-- Data extract follows --
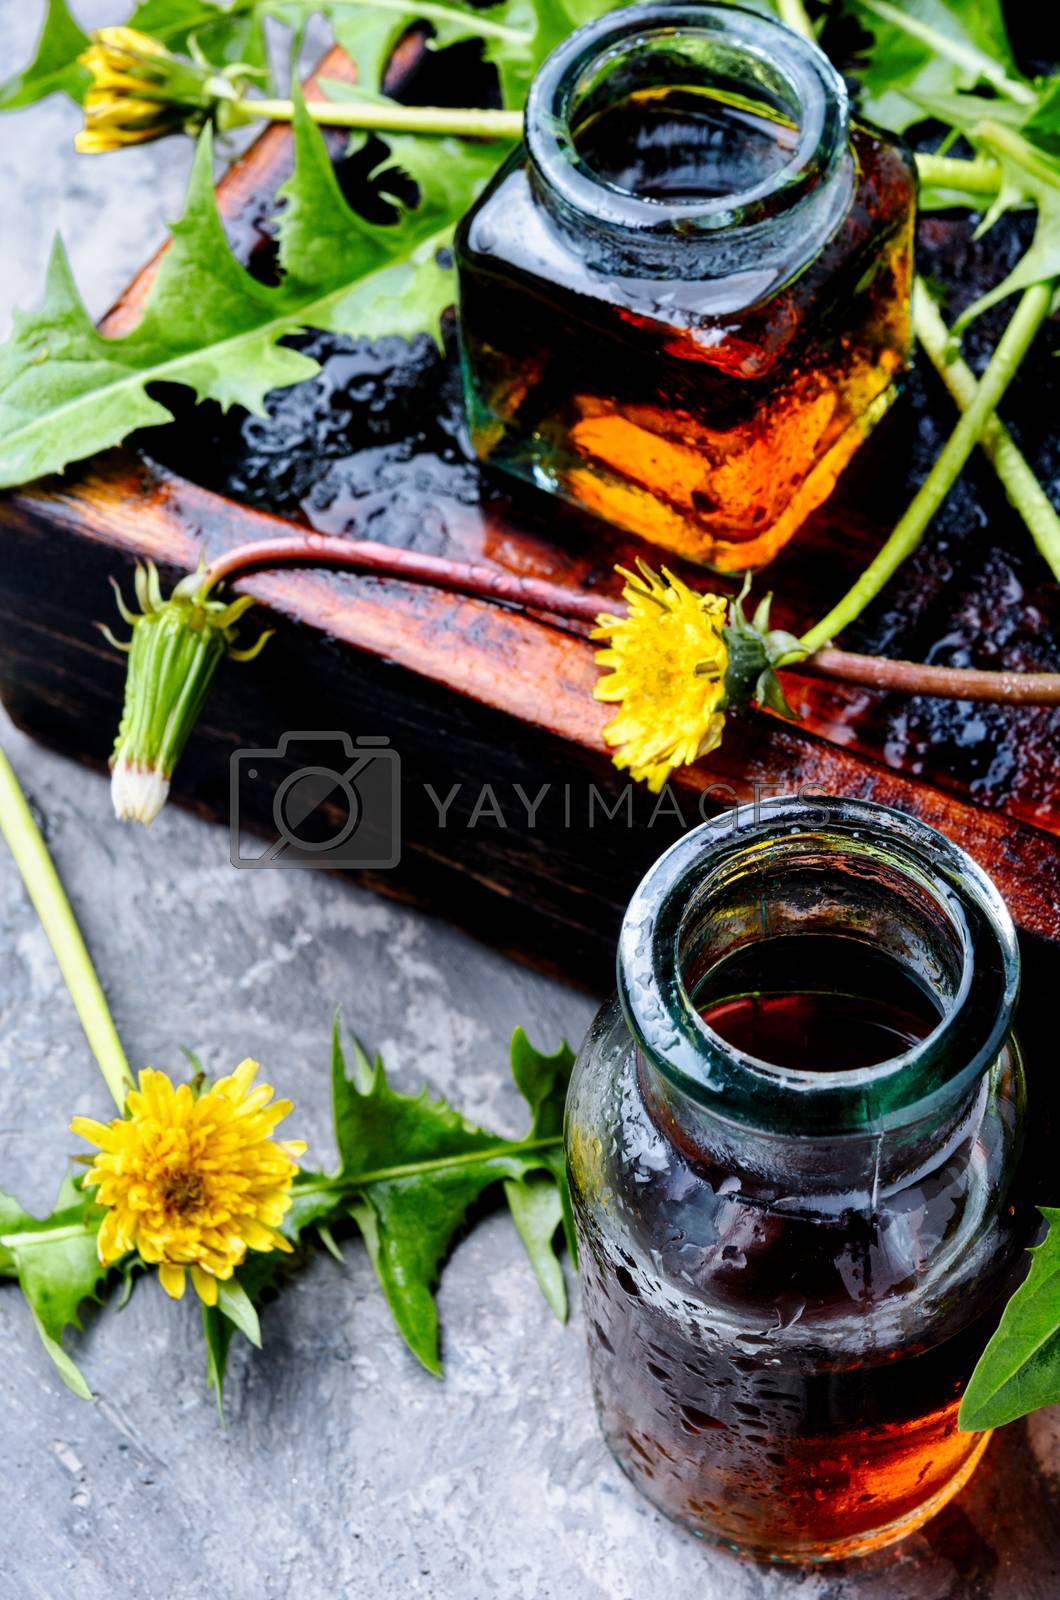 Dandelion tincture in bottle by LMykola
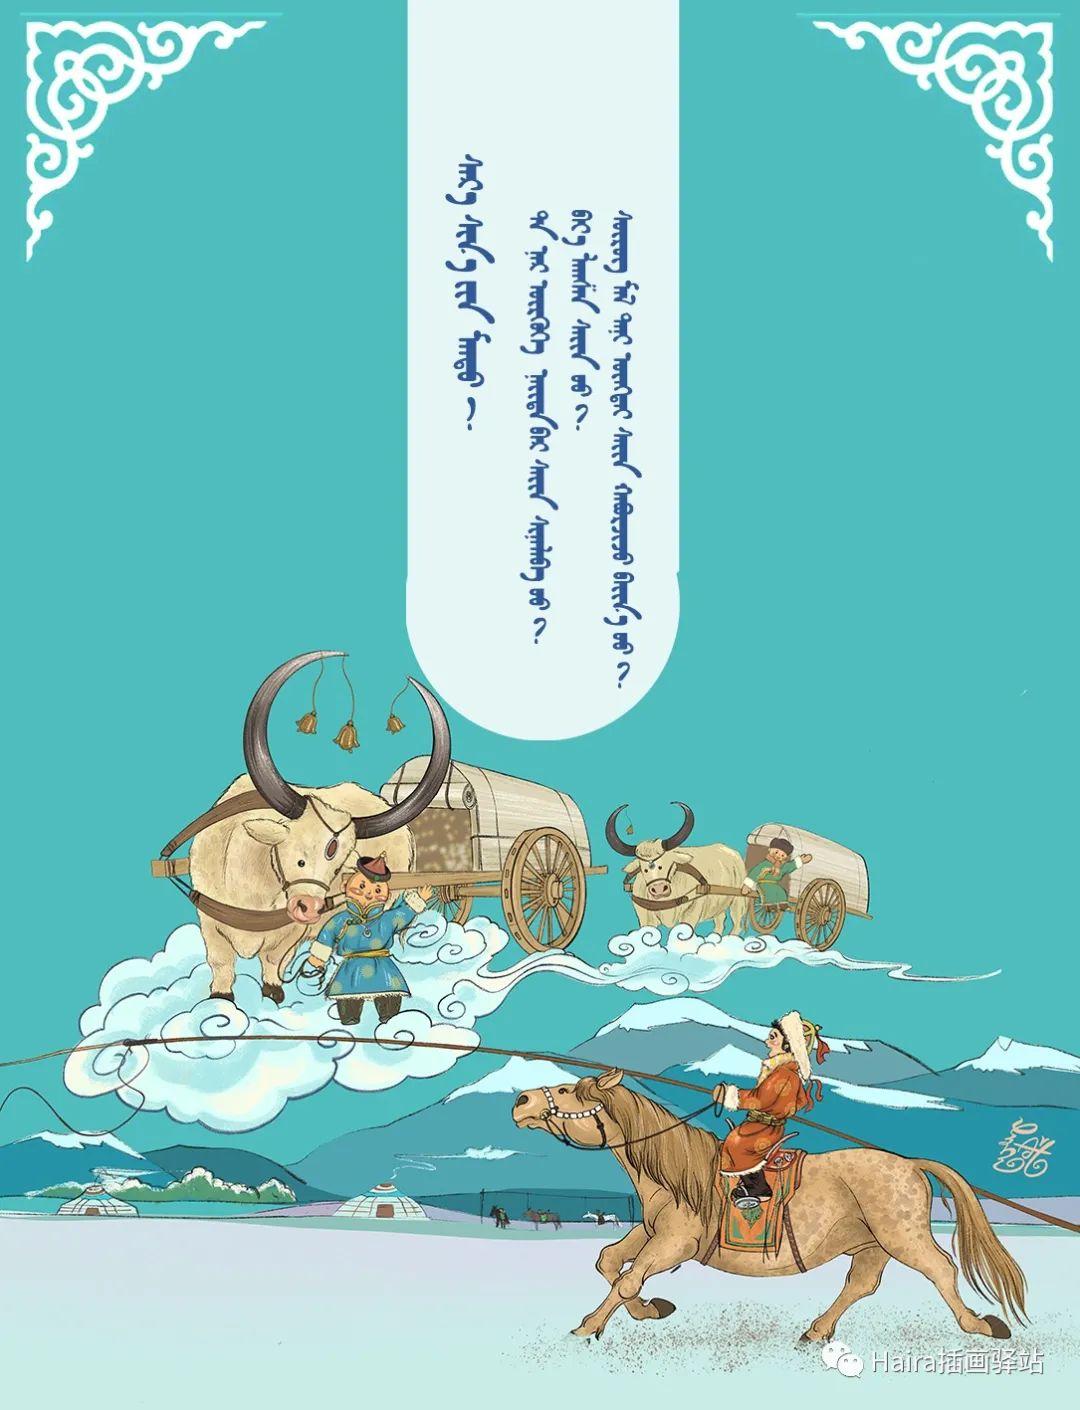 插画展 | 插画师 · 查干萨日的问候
-- Data extract concluded --
-- Data extract follows --
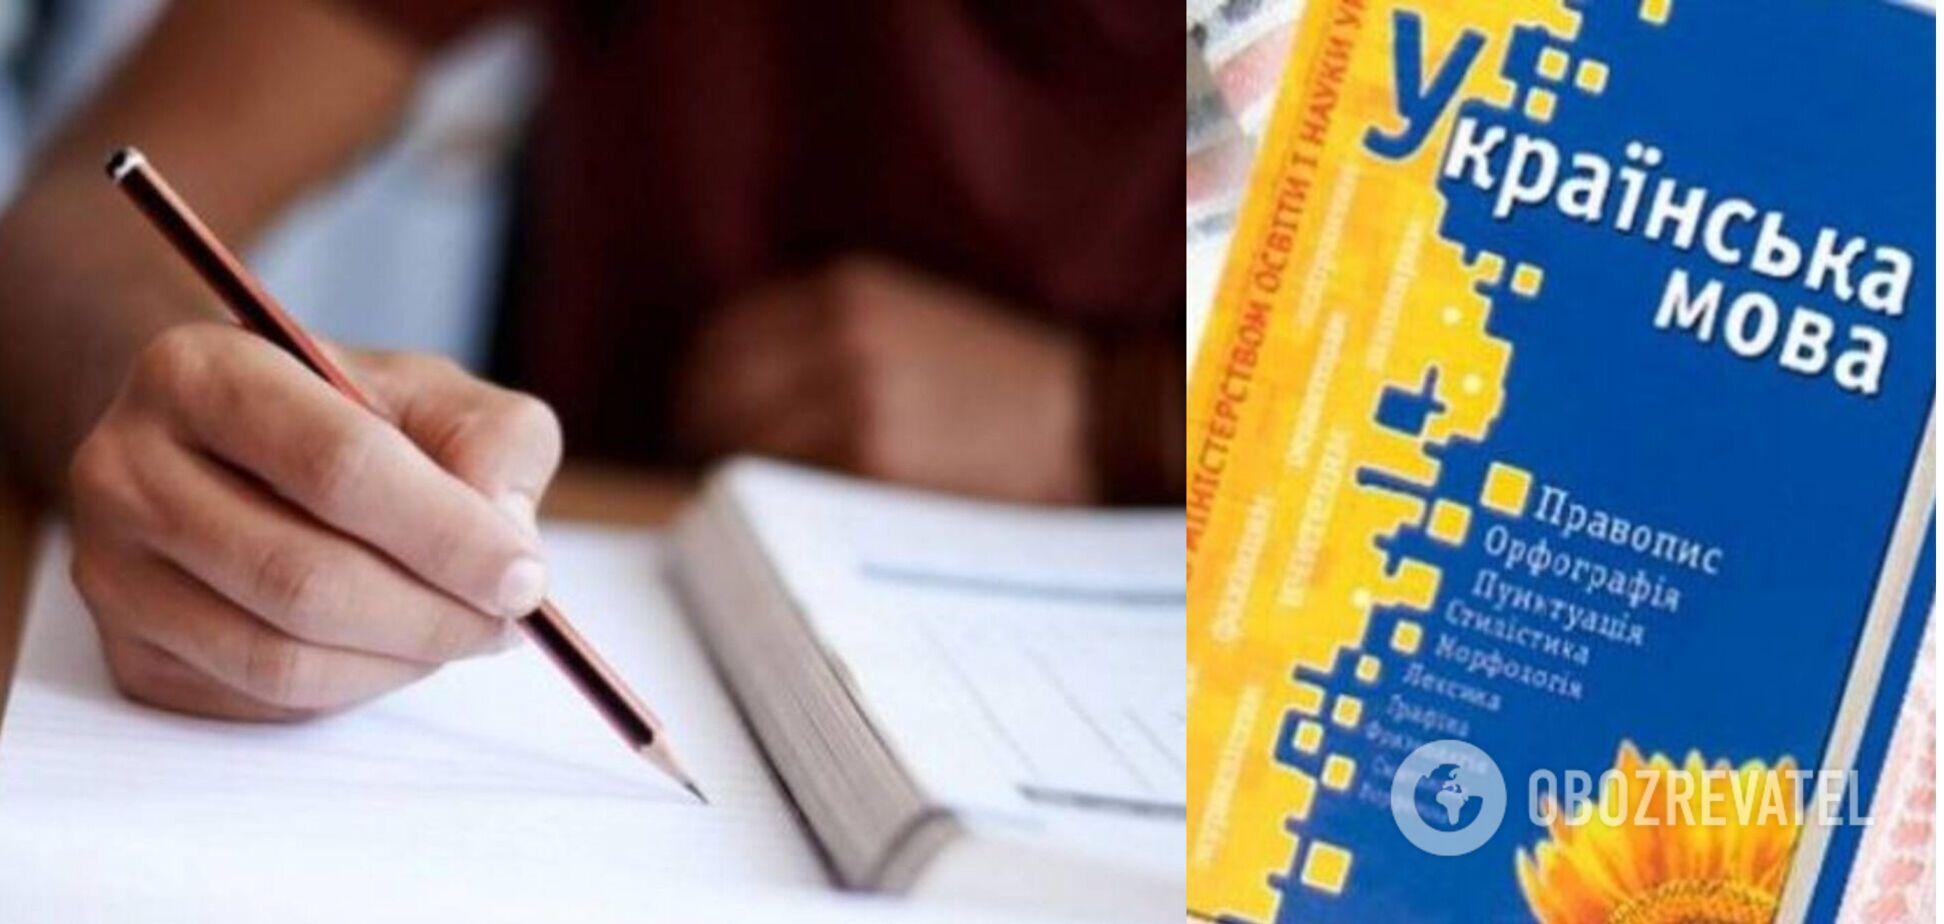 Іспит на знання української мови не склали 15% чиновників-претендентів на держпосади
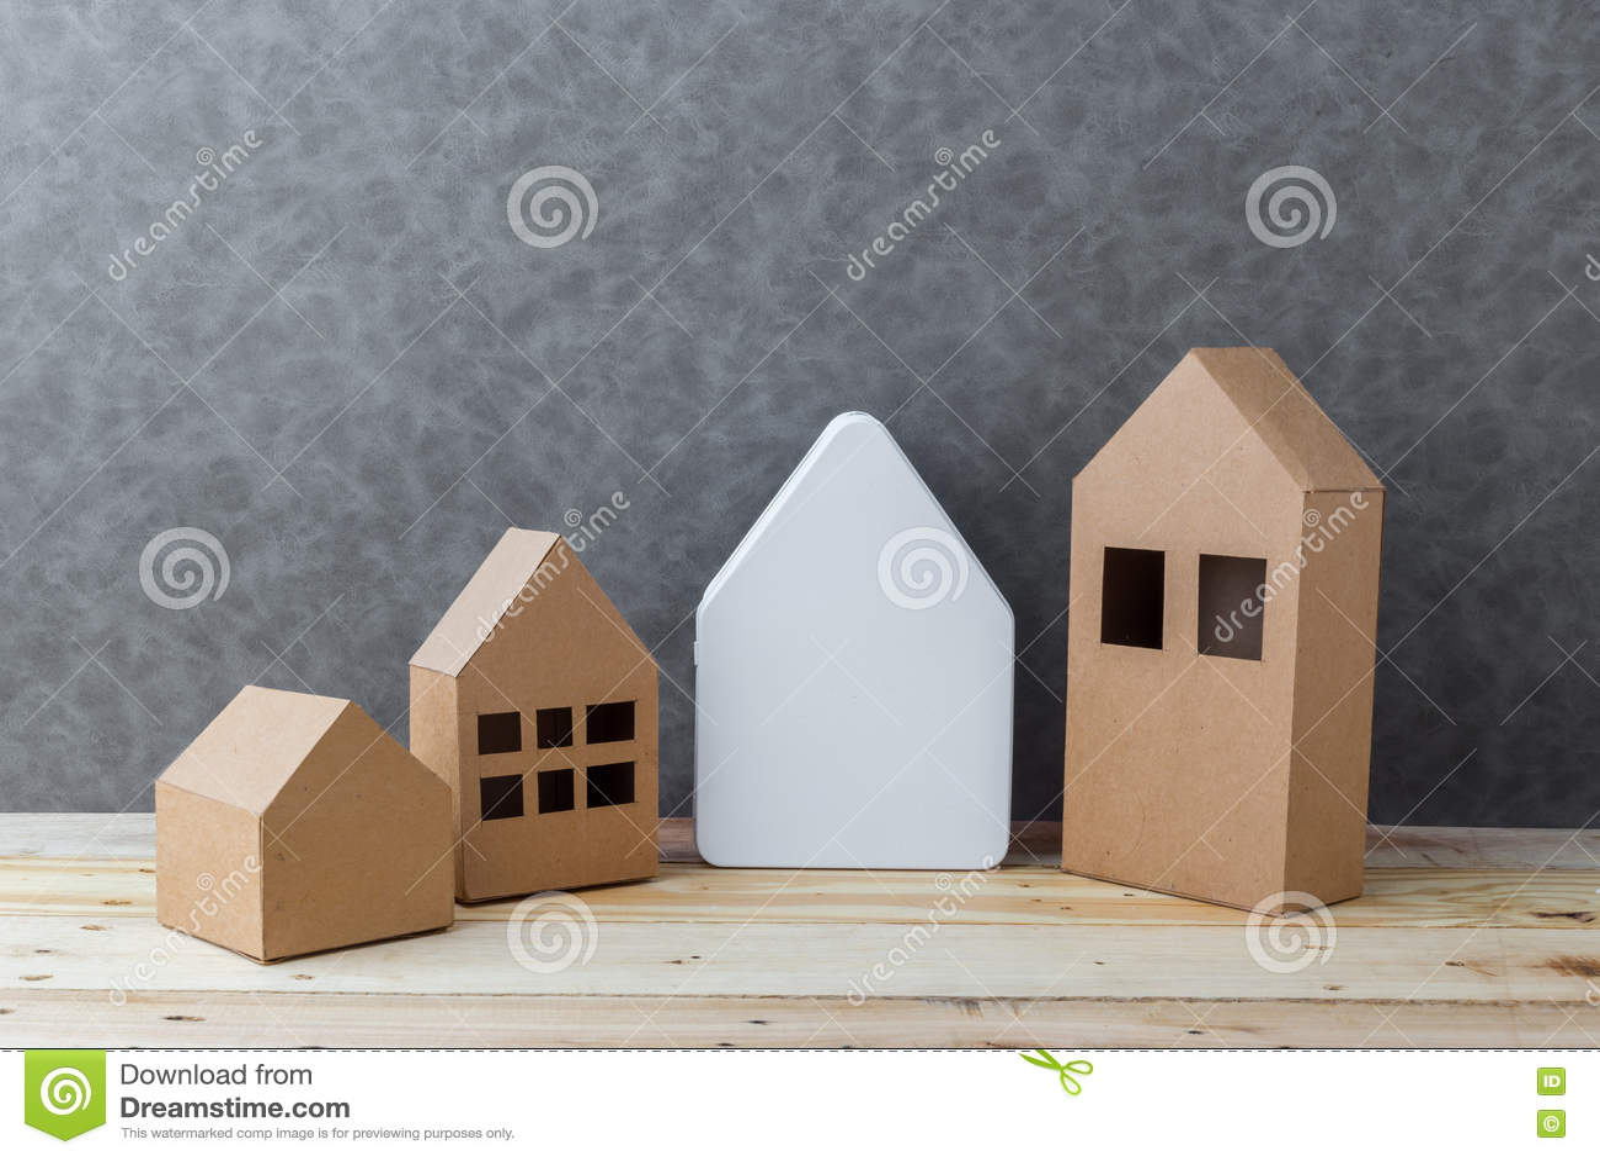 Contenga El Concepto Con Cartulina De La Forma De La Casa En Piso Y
-- Data extract concluded --
• [Task goal] Pictures do not belong in the answer. Return the lines above starting at the one with "Іспит на знання" and ending at the one with "Contenga El Concepto", both kept, exactly.

• [Solution to this exercise]
 Іспит на знання української мови не склали 15% чиновників-претендентів на держпосади
 Contenga El Concepto Con Cartulina De La Forma De La Casa En Piso Y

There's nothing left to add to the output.